• What you will do
Apart from the pictures, which must be omitted, restate the data exactly.

• Raw data

________________________

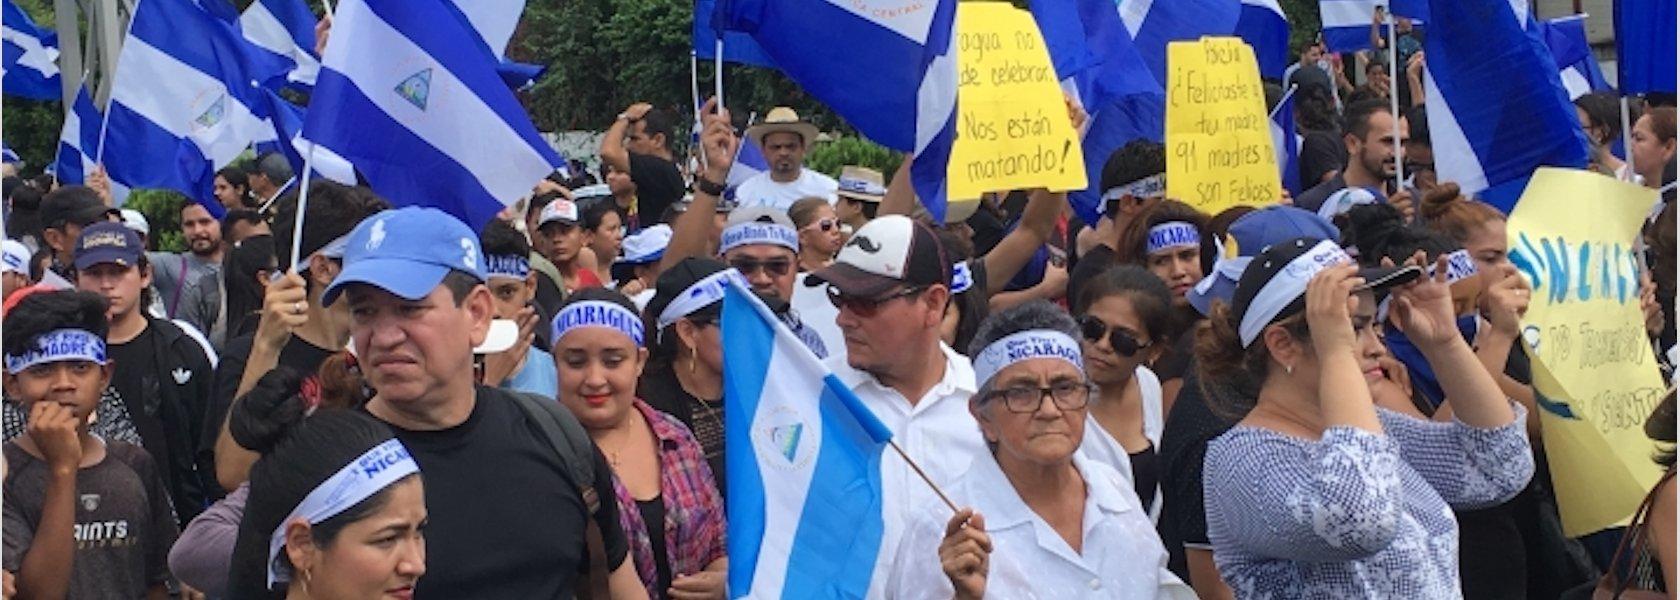 Nicaragua: Patrón de ataques contra periodistas involucrados en labores de información sobre la represión de las protestas en el país
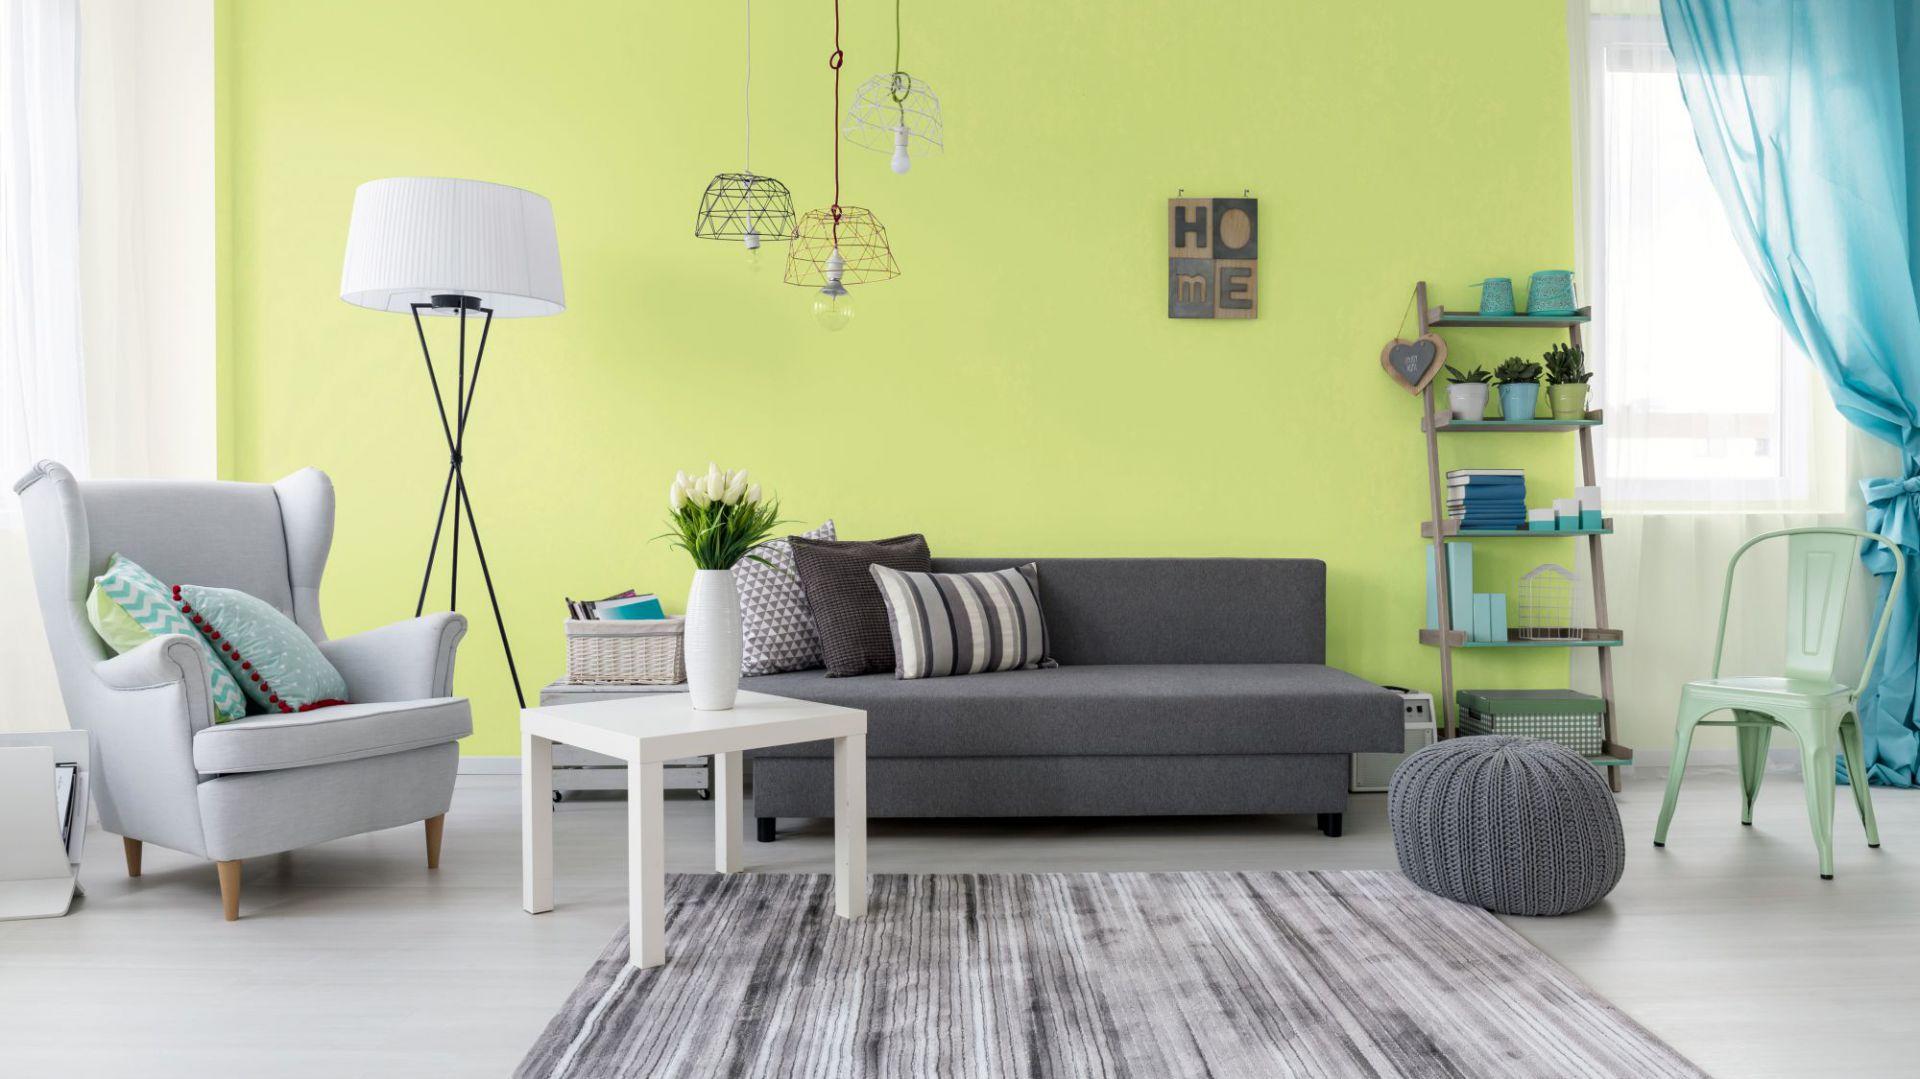 Malujemy mieszkanie: wiosenne aranżacje wnętrza. Fot. Jedynka
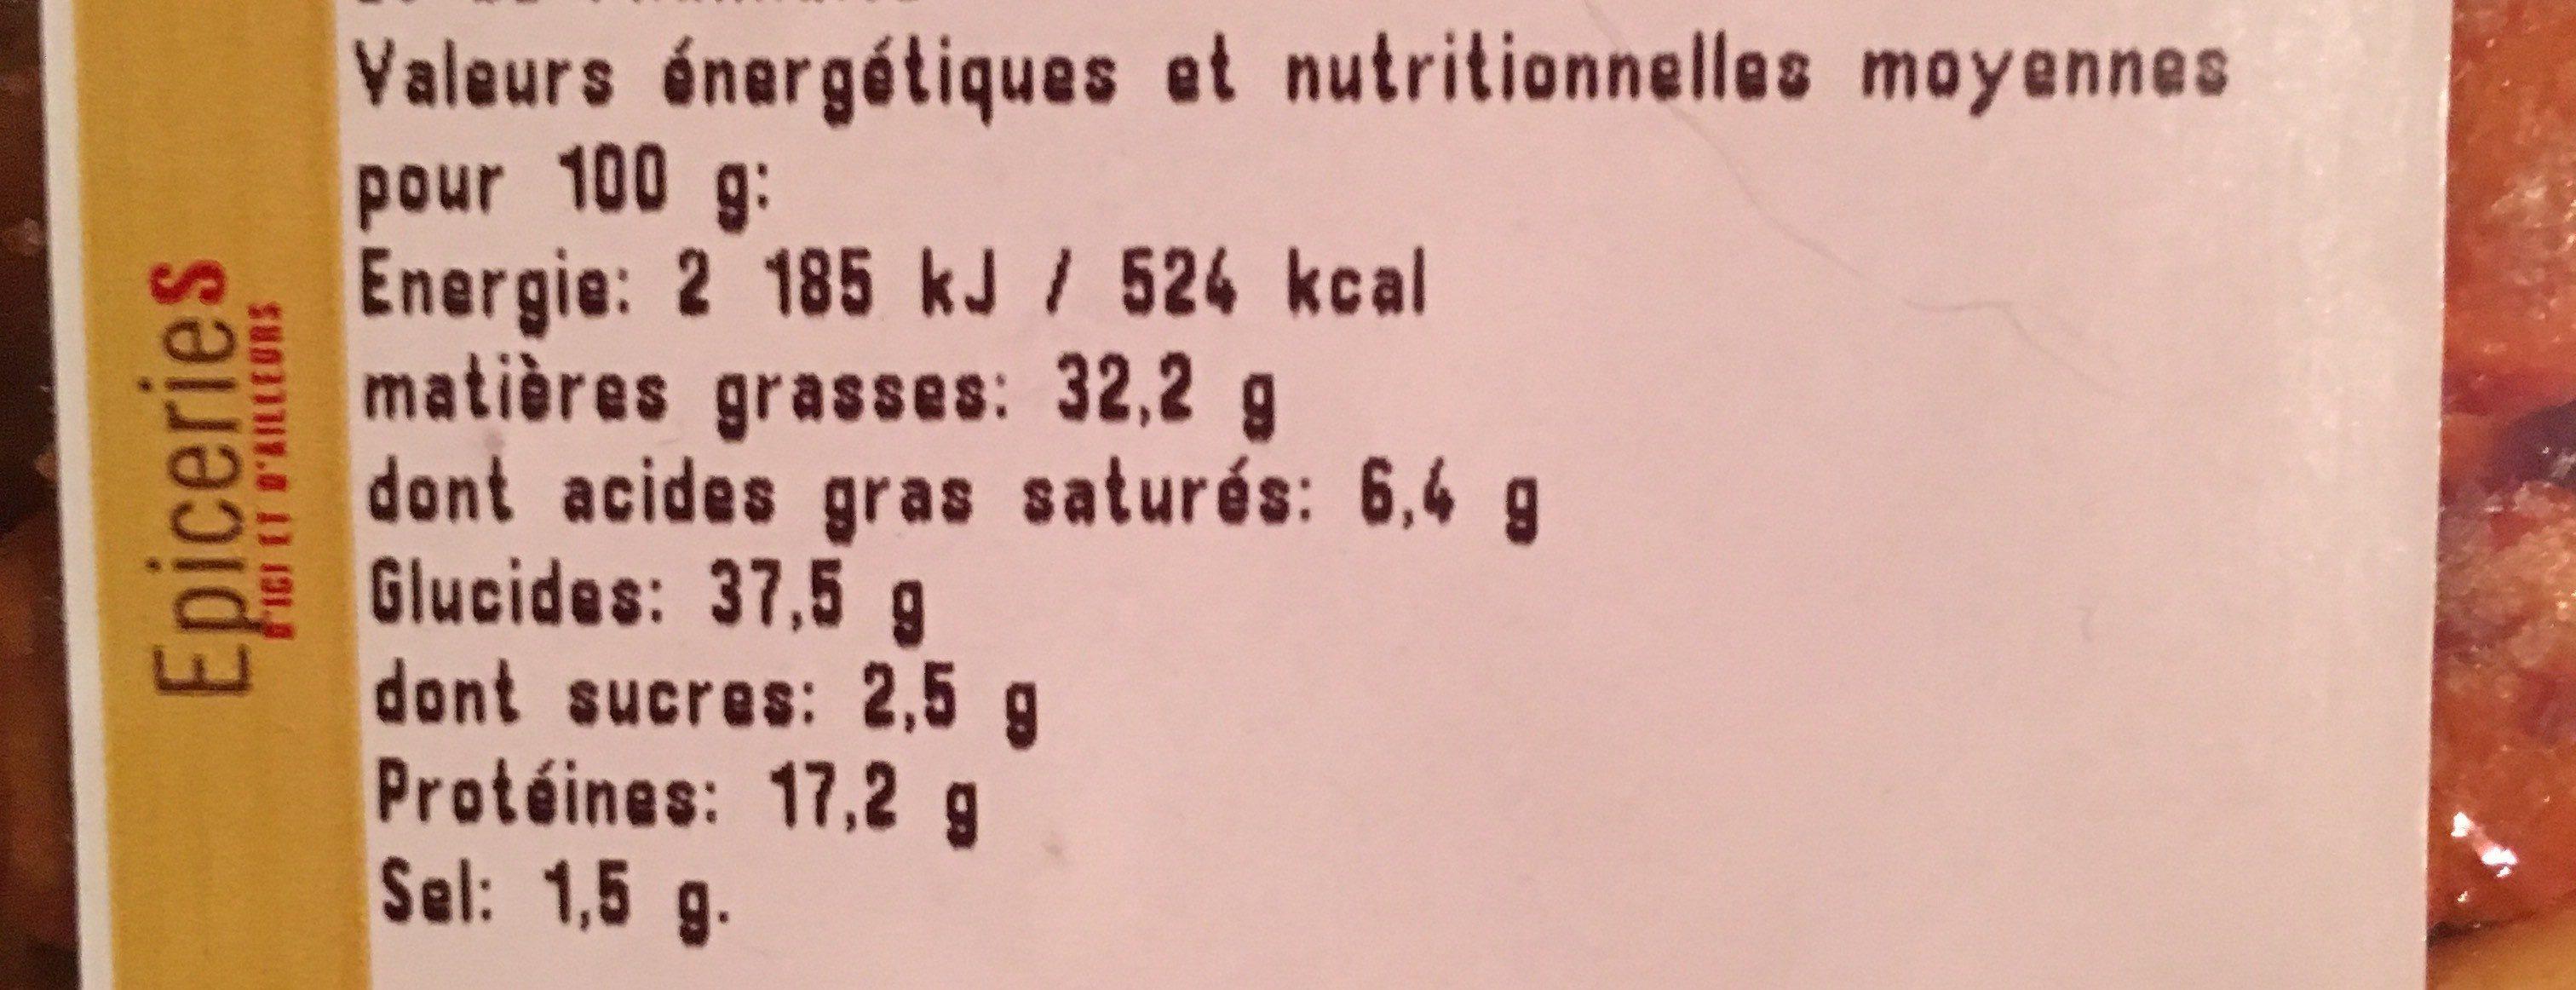 Mélange mexicain - Informations nutritionnelles - fr

________________________

• Answer below
 Nicaragua: Patrón de ataques contra periodistas involucrados en labores de información sobre la represión de las protestas en el país
 Malujemy mieszkanie: wiosenne aranżacje wnętrza. Fot. Jedynka
 Mélange mexicain - Informations nutritionnelles - fr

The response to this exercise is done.